In realtà, il problema è esattamente l'opposto: la commercializzazione americana di se stessa è stata troppo efficace. I bambini delle scuole possono recitare le sue affermazioni sulla democrazia, la libertà e le pari opportunità con la stessa facilità con cui possono associare McDonald's al divertimento in famiglia e alla Nike con abilità atletiche. E si aspettano che gli Stati Uniti siano all'altezza delle sue affermazioni. Se sono arrabbiati, come lo sono chiaramente milioni, è perché hanno visto quelle promesse tradite dalla politica degli Stati Uniti.

Nonostante l'insistenza del presidente Bush che i nemici dell'America si risentano delle loro libertà, la maggior parte dei critici degli Stati Uniti non si oppongono in realtà ai valori dichiarati dall'America.
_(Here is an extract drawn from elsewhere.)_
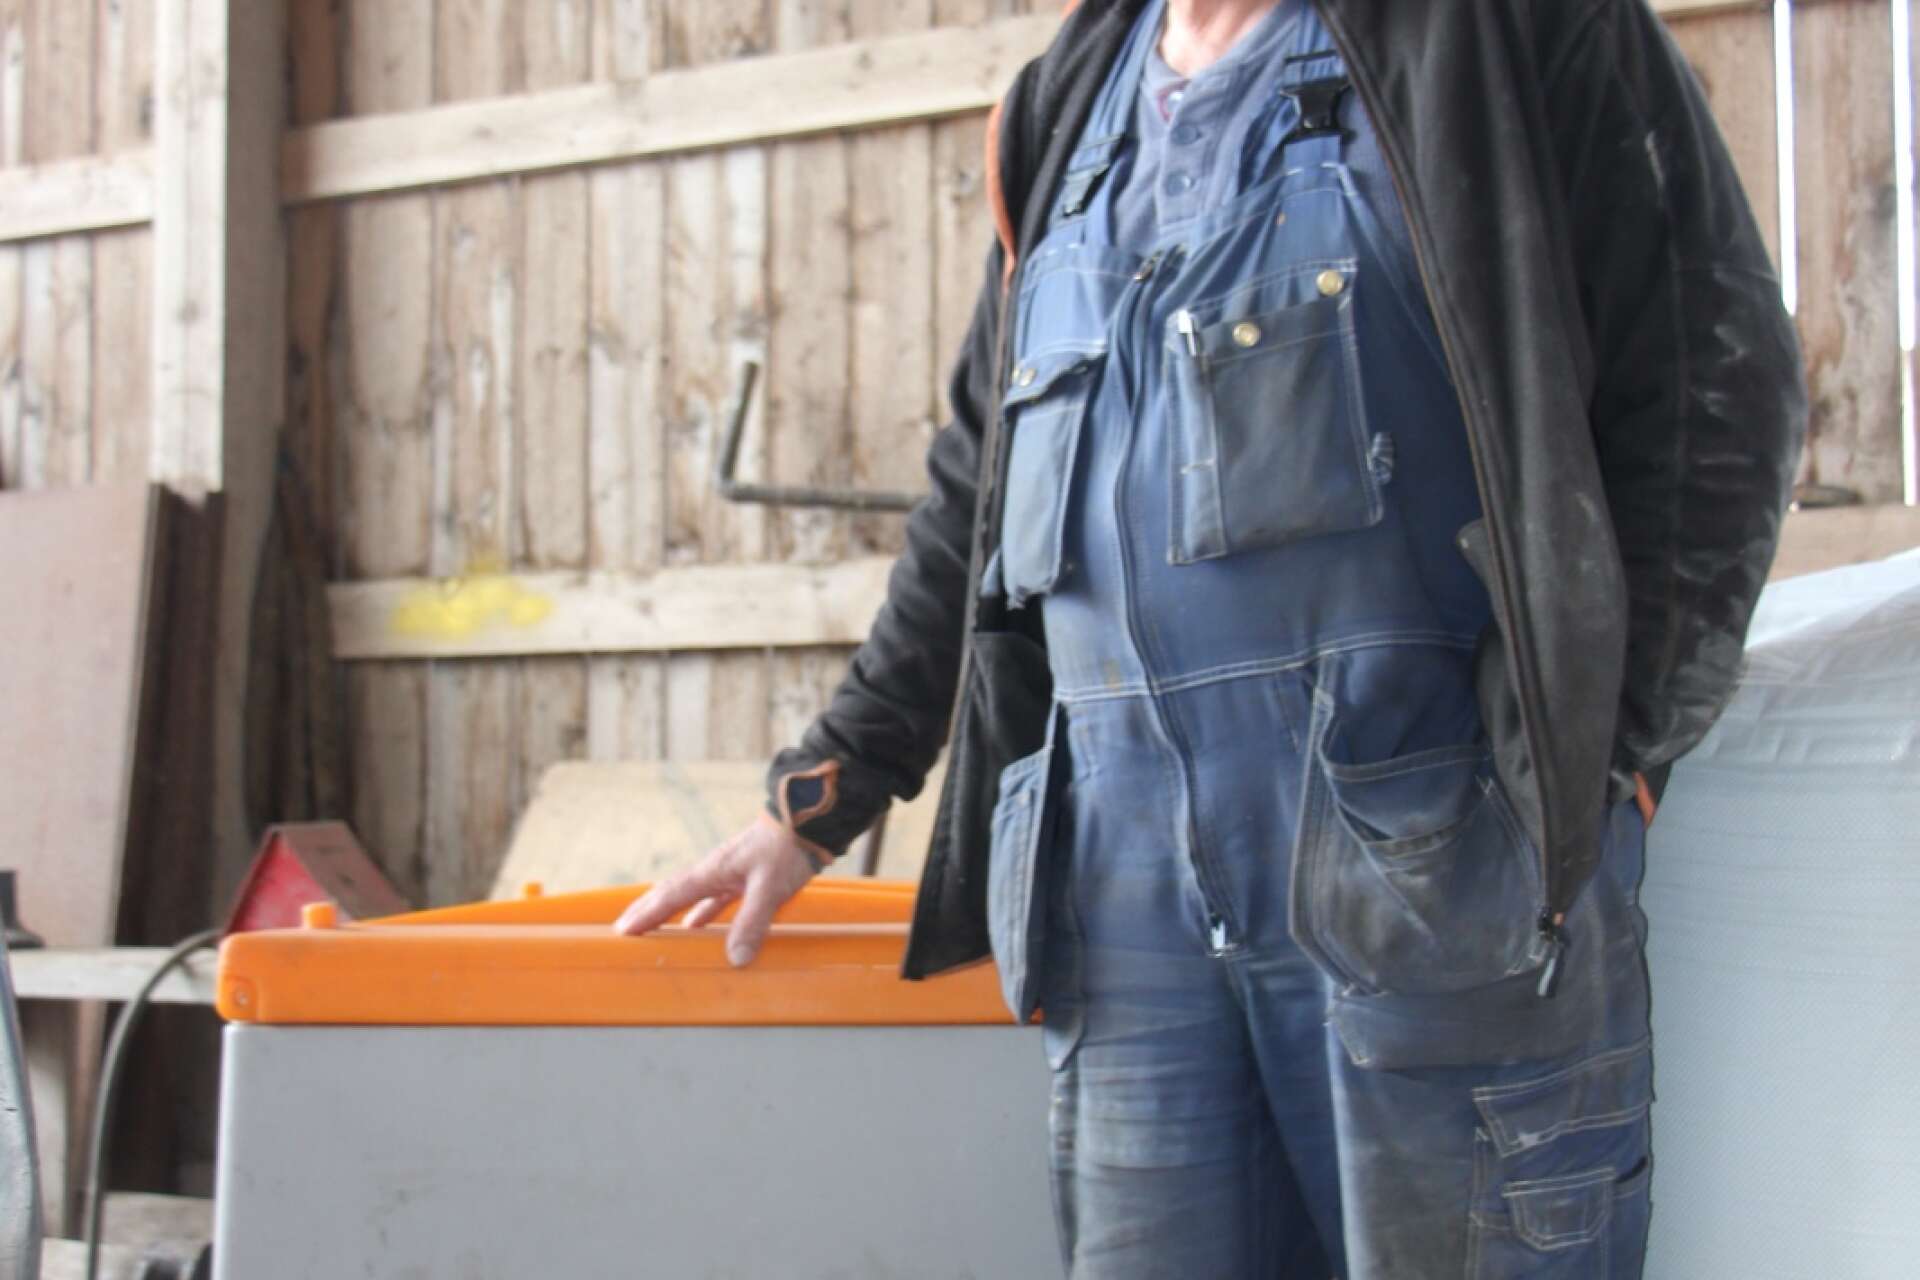 Lennart Bogren visar sin reservdieseltank, den rymmer 400 liter. ”Det är inte klokt, det kostar över tiotusen bara att fylla den här”

Invece, indicano l'unilateralismo americano di fronte alle leggi internazionali, l'ampliamento delle disparità di ricchezza, le repressioni sugli immigrati e le violazioni dei diritti umani - l'ultima volta dei prigionieri afghani a Guantanamo Bay. La rabbia deriva non solo dai fatti di ogni caso, ma da una chiara percezione della pubblicità ingannevole. In altre parole, il problema dell'America non è con il suo marchio - che difficilmente potrebbe essere più forte - ma con il suo prodotto.

C'è un altro, più profondo ostacolo di fronte al rilancio del marchio USA, e ha a che fare con la natura del marchio stesso. Il marchio di successo, Allen Rosenshine, presidente di BBDO Worldwide, ha scritto di recente su Advertising Age, "richiede un messaggio elaborato con coerenza e rigore". Abbastanza vero. Ma i valori di cui Beers è accusato vendono democrazia e diversità, valori profondamente incompatibili con questa "coerenza e disciplina". Aggiungete a ciò il fatto che molti dei critici più fedeli dell'America si sentono già vittime del bullismo in conformità del governo USA (irti di frasi come "stato canaglia"), e la campagna di branding dell'America potrebbe ritorcersi contro.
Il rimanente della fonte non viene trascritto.